The IAM vision aims at facilitating exploratory analysis by redefining queries and answers, and by providing the user with a declarative language that enables her to specify her analytical intentions (Vassiliadis et al. 2019). Such a paradigm shift necessarily includes a degree of automation, and a balance is to be sought between the implementation of the analytical intentions and the freedom left to the user to specify it. This raises a number of research challenges, e.g., (i) investigate if there are any other intention operators that should be considered besides the basic ones proposed, and how different operators can be combined; (ii) find techniques for automatically tuning the algorithms that create enhanced cubes by computing models; (iii) devise a measure to estimate the interestingness of model components; (iv) enrich the IAM framework with an approach to select the most effective chart or graph for visualizing each cube depending on its features such as number of dimensions, size, etc.; and (v) devise a visual metaphor for displaying enhanced cubes and interacting with them.

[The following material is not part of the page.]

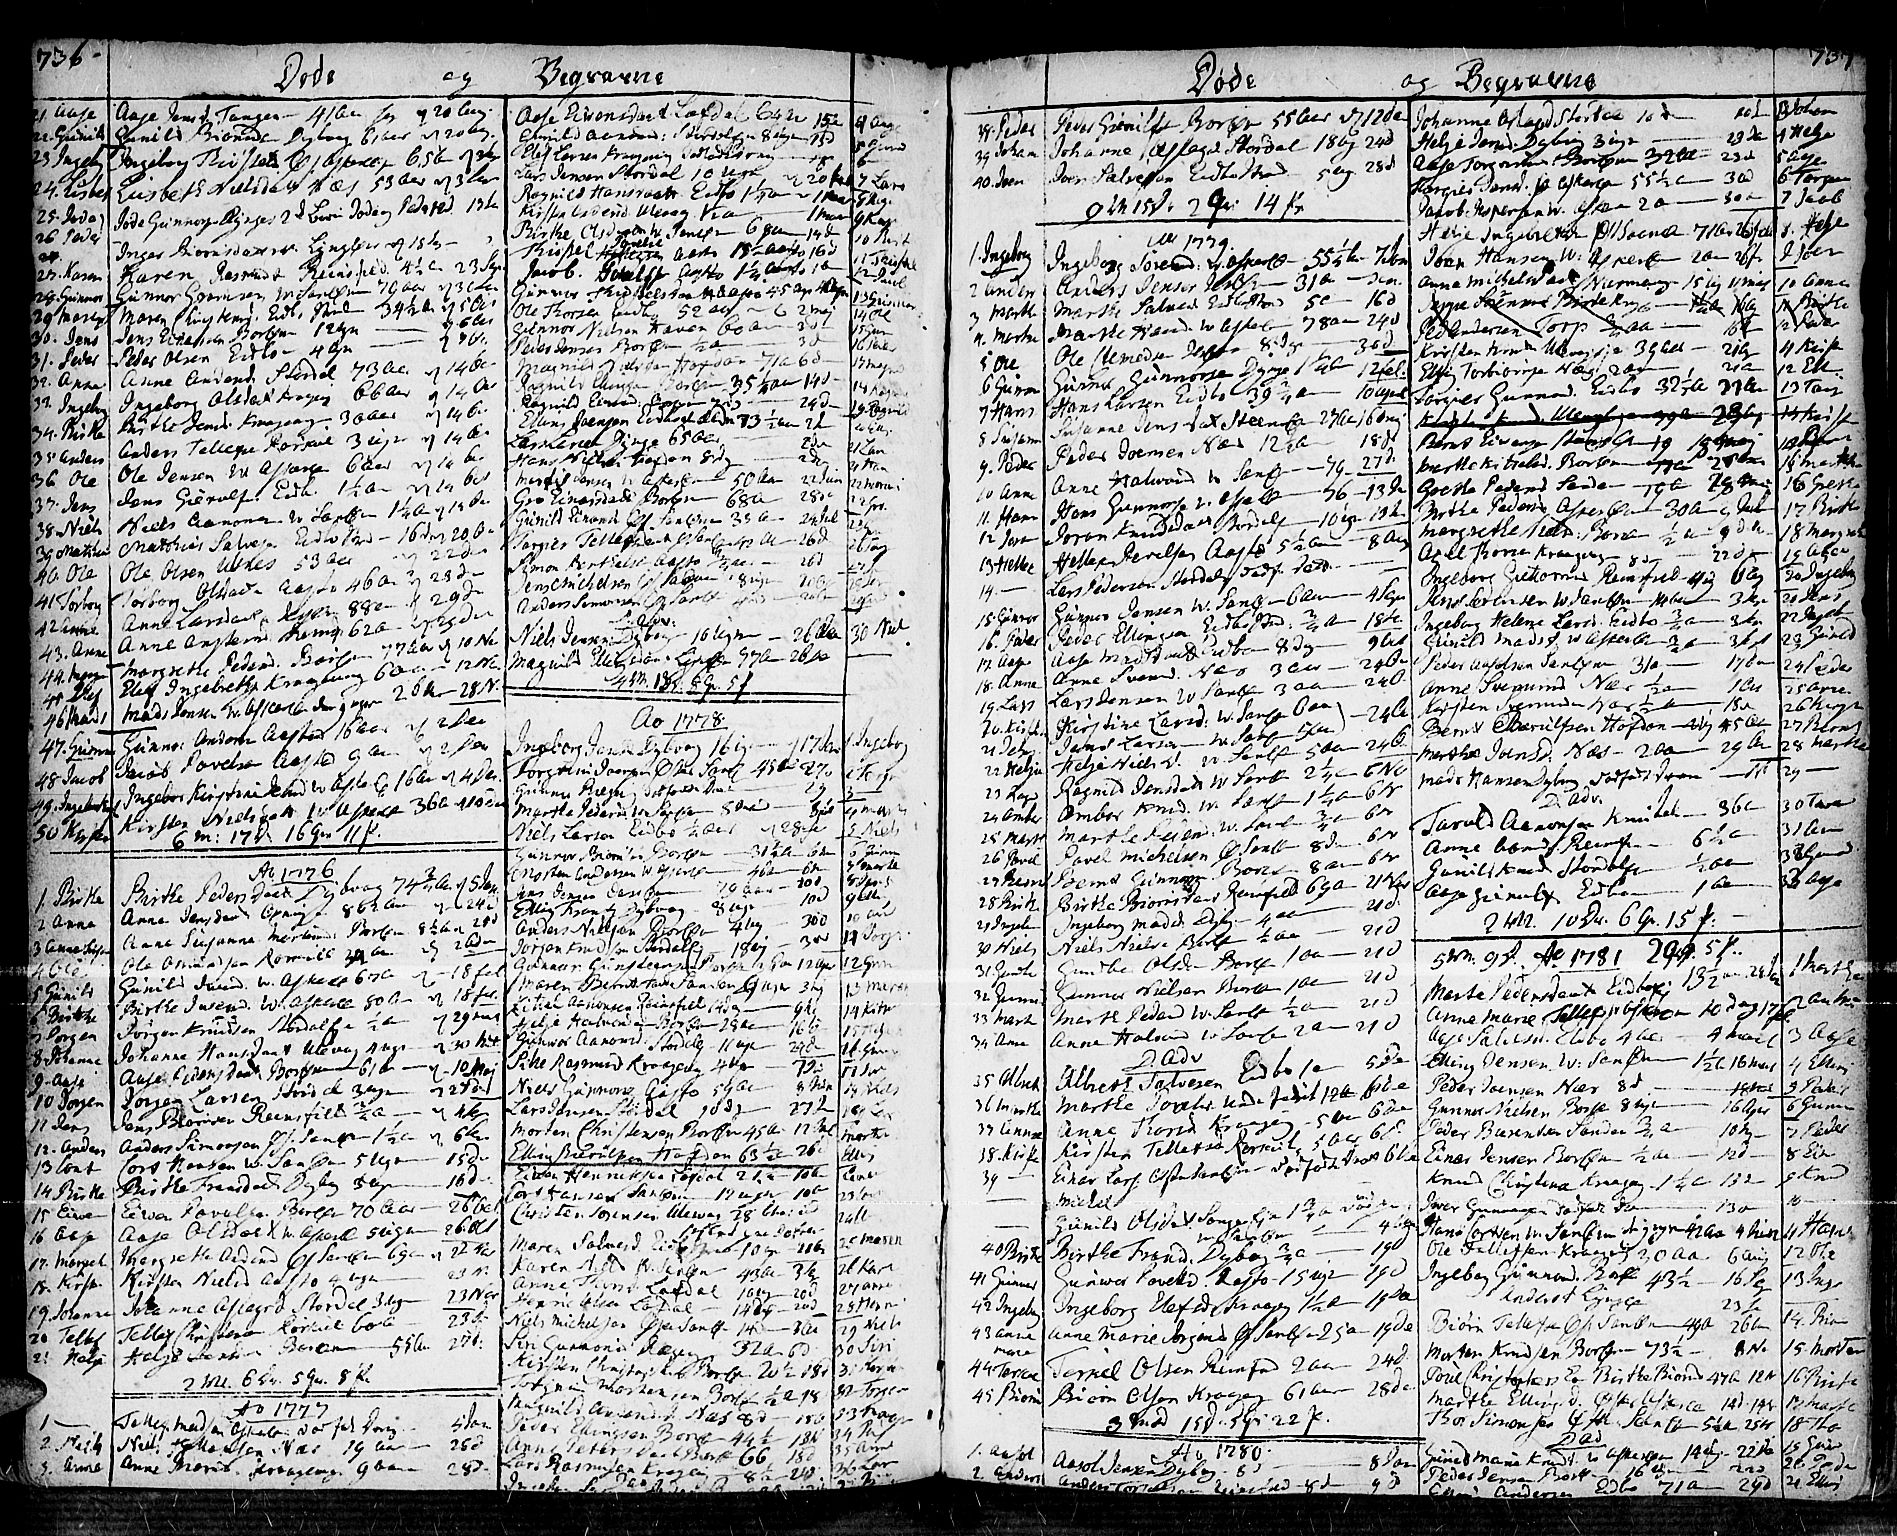 SAK, Dypvåg sokneprestkontor, F/Fa/Faa/L0001: Ministerialbok nr. A 1 /1, 1765-1798, s. 736-737

In the direction of providing a proof-of-concept for the IAM vision, the potentiality of the assess operator has been recently investigated by proposing a syntax, a semantics, and a basic optimization strategy (Francia et al. 2021). The goal of this paper is to take one step forward in the same direction by delivering an end-to-end implementation of the describe operator. Specifically, we address challenge (ii) by experimenting two techniques to automatically set the number of model components, and challenge (iii) by proposing and validating a new interestingness measure for model components. Notably, this measure is consistent with the multi-facets interestingness scheme introduced by Marcel et al. (2019). The present work gives a precise and motivated definition for both the facets used and the way they are aggregated to form a global score. We also address challenges (iv) and (v), by proposing a visualization that couples text-based representations and selected graphical representations with a component-driven interaction paradigm. In this way, the user will save the time required to try different visualizations; besides, by automatically selecting the most suitable charts based on the features of each cube, we discourage the user from adopting inappropriate visualizations which might lead her to wrong interpretations of data.

This paper significantly extends our previous work (Chédin et al. 2020) in different ways:

Cube schemata are defined in more general terms, allowing branches in hierarchies rather than only allowing linear hierarchies.
A new definition of interestingness is given based on three different facets of model components: surprise, novelty, and peculiarity.
The computation of interestingness is generalized to cover situations where an intention changes both the group-by set and the selection predicate of the previous intention, and when there is no roll-up/drill-down relationship between the two group-by sets.
The syntax of the describe operator has been extended.
The visualization of enhanced cubes uses two more chart types to give users a more comprehensive and flexible description of data.
The approach is evaluated through a comprehensive set of tests not only in terms of efficiency, but also of scalability, effectiveness, and formulation complexity.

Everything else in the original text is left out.